Кронпринц Альберт Саксонский был опытный солдат и талантливый полководец, что доказал в 1866 году командуя саксонской армией в войне против Пруссии. Тогда, при Садовой, Альберт заставил себя уважать. И сегодня, когда саксонский корпус все обходил, и обходил противника, и никак не мог его обойти, генерал воспринял как подтверждение того, что кронпринц, как и сам Будрицкий, считает любые потери в нынешней битве излишними.
И вдруг такой поворот!
Но вскоре появился ординарец от саксонского командующего и объяснил ситуацию. В лесу между Сен-Мари и Монтуа саксонские войска встретили неожиданные трудности в виде постоянных обстрелов. Это походило на тактику австрийских граничар, любителей устраивать засады. Но когда в лес были направлены усиленные отряды, их встретили митральезы. На дороге между Обуэ и Омекуром 48-я пехотная бригада и 1-й уланский полк имени Франца-Иосифа Австрийского попали в минную засаду и понесли потери. Французы применили какие-то новые мины, которые нельзя разминировать. Крестьяне в Омекуре сообщили, что в Монтуа есть небольшой французский пехотный заслон и не менее батареи митральез. (В этом месте сообщения Будрицкий подумал: это похоже на то, что они встретили у Сен-Мари.) Крестьяне также сообщили, что они сами слышали, будто в Мананкуре стоит какой-то крупный французский отряд, численность которого они не знают, так как сами не видели. Но, по крайней мере, никак не меньше двух или трех полков при артиллерии. Отправленные на разведку конные дозоры были уничтожены противником. Так же как передовой эскадрон Саксонского гвардейского конного полка. В этих условиях продолжать наступление на Монтуа Альберт Саксонский посчитал излишним. Выставив против Монтуа заслон, он разворачивает корпус для атаки Ронкура, а затем Сен-Прива и просит доблестных прусских гвардейцев поддержать его атаку.

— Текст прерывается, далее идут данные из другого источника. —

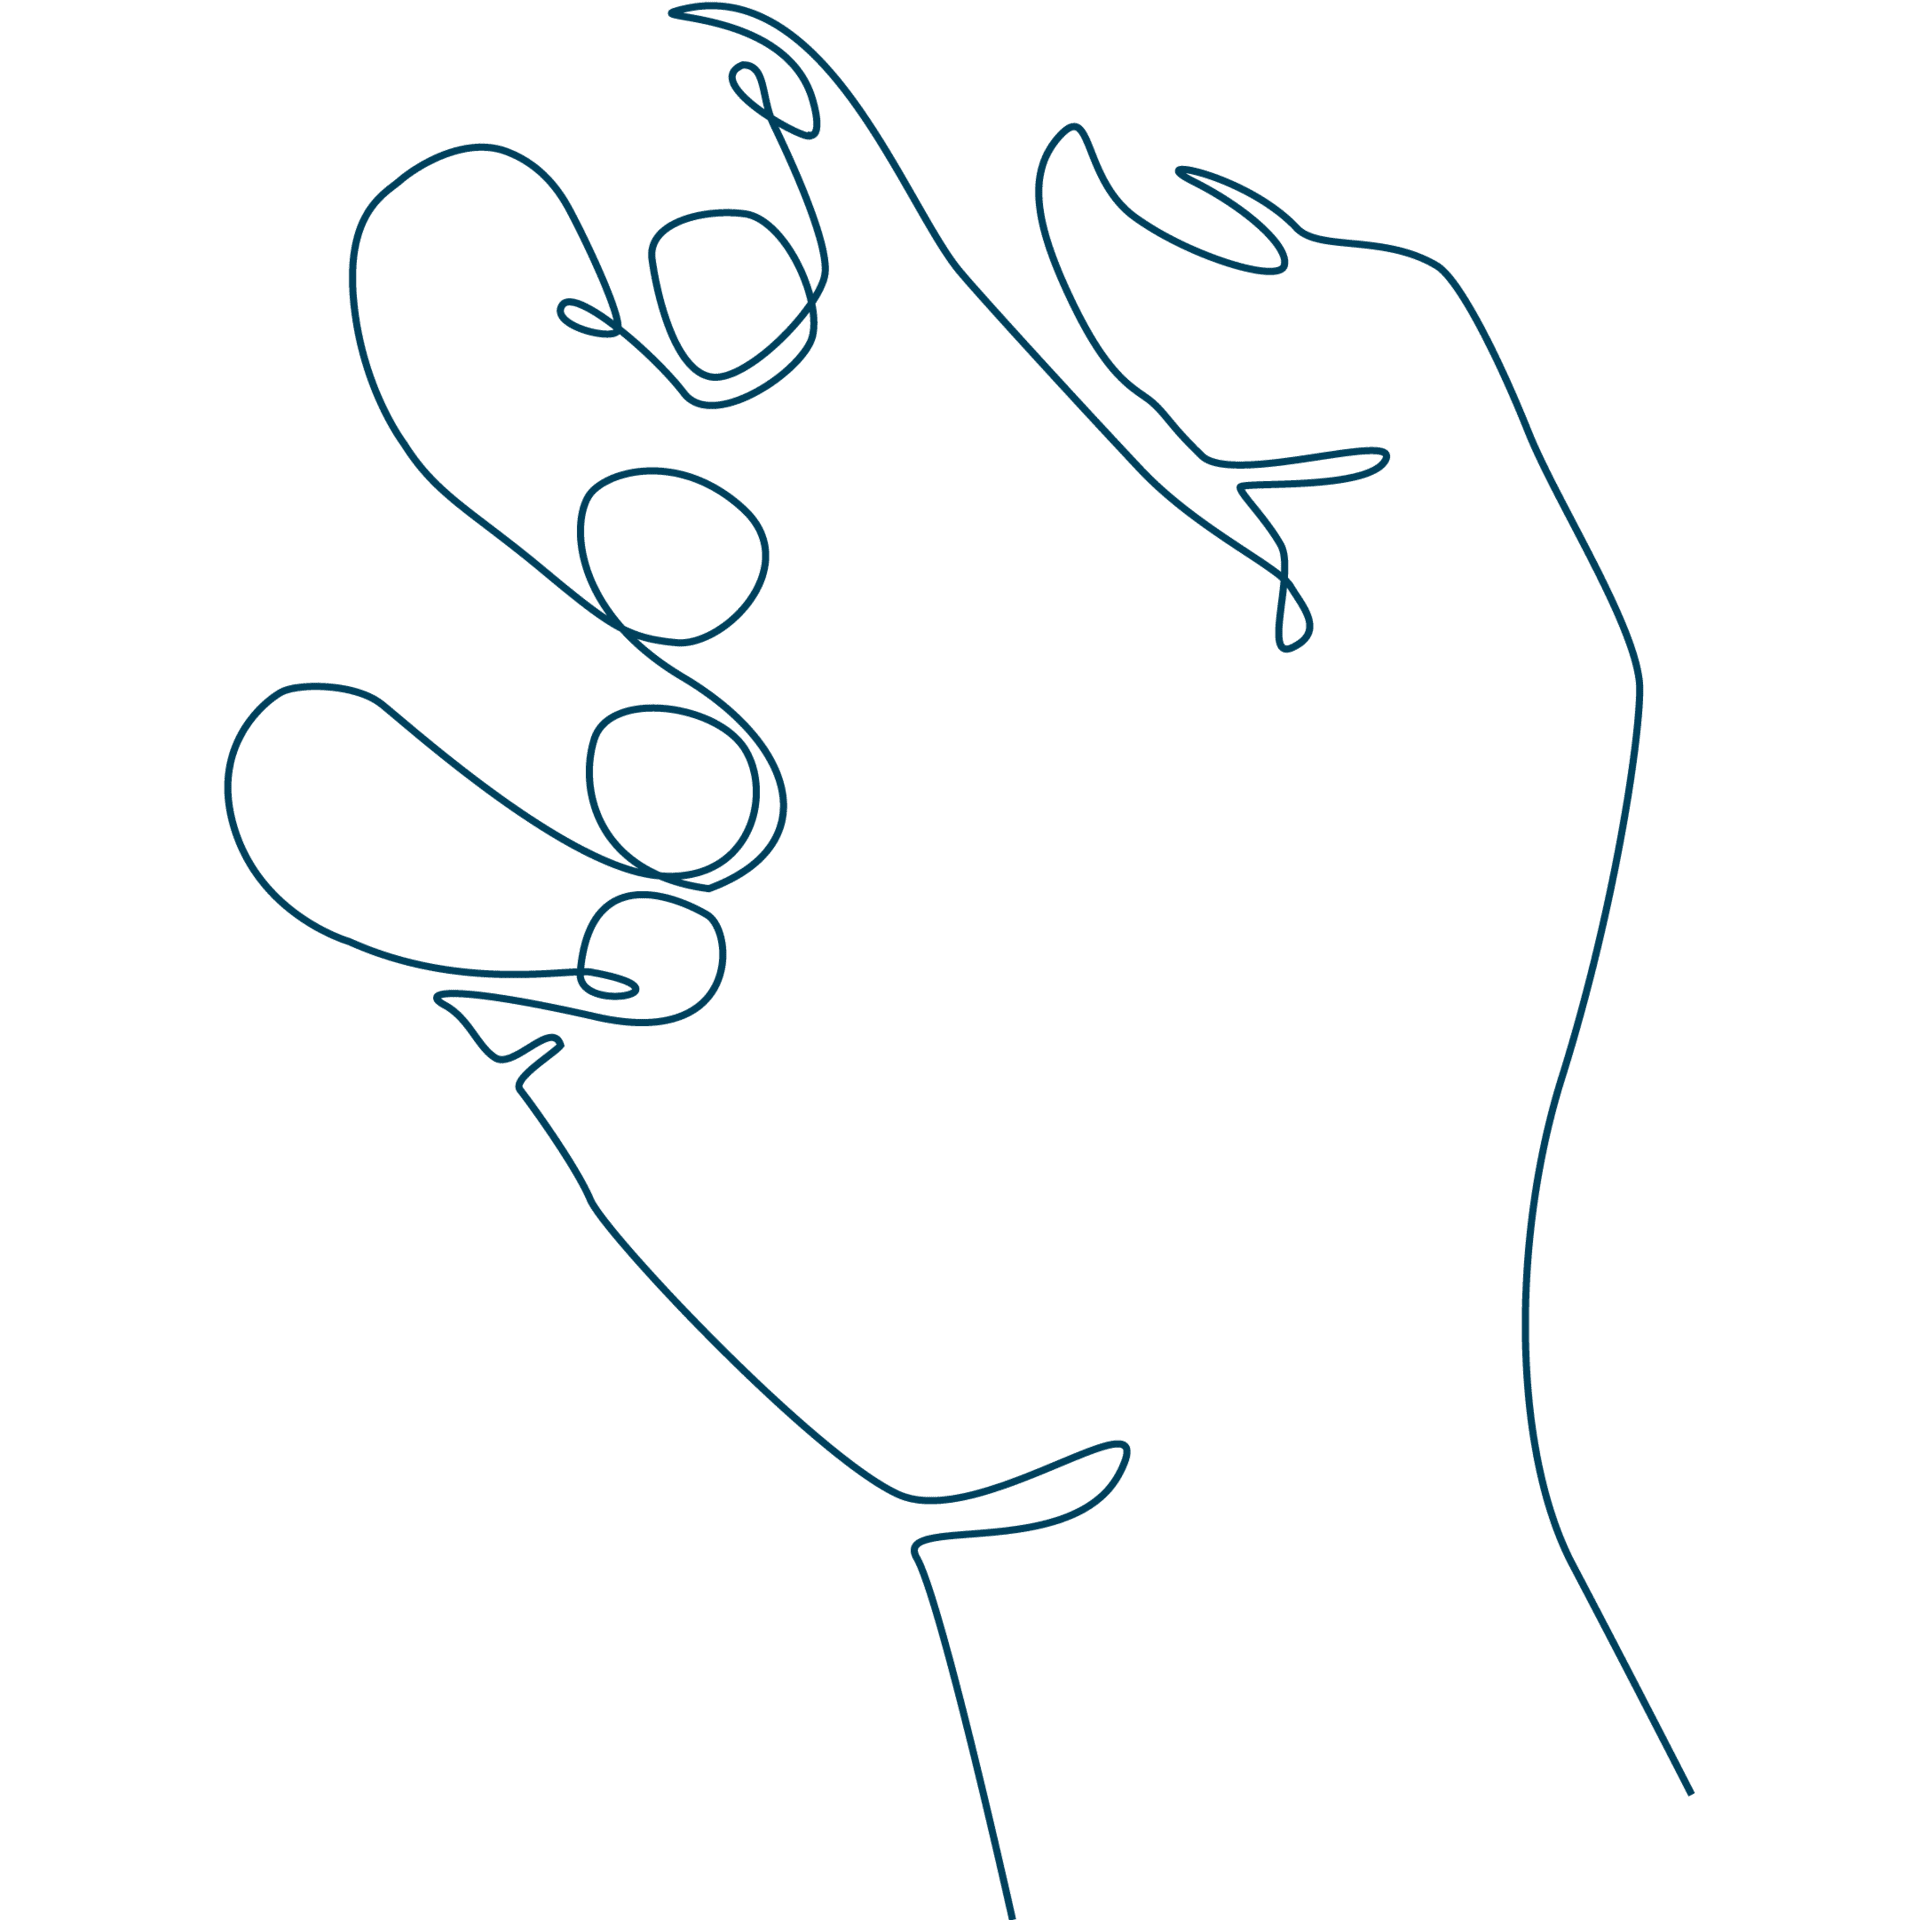 Diese Line-Art-Zeichnung voN Fingern mit Fingernägeln bildet den Link zu den Sixtus Nagel-Produkten.

Будрицкий вздохнул. Товарищи то они товарищи по оружию. Но прусских гвардейцев Аьберт жалел явно меньше, чем собственных солдат.
Однако, так или иначе, идти в атаку придется.
– Передайте генералам фон Кесселю и фон Кнаппштадту чтобы начинали атаку, – распорядился Будрицкий.
* * *
– Экономим патроны, подпускаем поближе! – кричал сержант Дюпон. – Вы слишком щедро палили в начале боя! Стреляйте, когда только будете уверены в том, что сможете попасть!
Главное превосходство винтовок Шасспо, которым гордились французы, дальность и скорострельность, по мере уменьшения боеприпасов уже не казались Гаспару таким уж достоинством. А еще его раздражала необходимость менять резиновые прокладки в затворе.
Неожиданно для Гаспара кладбище Сен-Прива превратилось в один из ключевых пунктов обороны. Местность вокруг напоминала лунный пейзаж, как его описывал месье Жюль Верн в одном из своих романов. Безжизненная пустыня, на которой то там, то здесь изрыгают пламя вулканы. Все здания вокруг были превращены в щебень, не закрывая больше горизонт и давая возможность вести огонь в любом направлении. А вот строения вокруг погоста более или менее уцелели. Хотя теперь снаряды падали и среди могил, но потери у лейтенанта Гренье были терпимыми. (Теперь в роте Гренье! Во как!) Не сравнить с теми, что несли другие роты полка. И это казалось подлинным чудом.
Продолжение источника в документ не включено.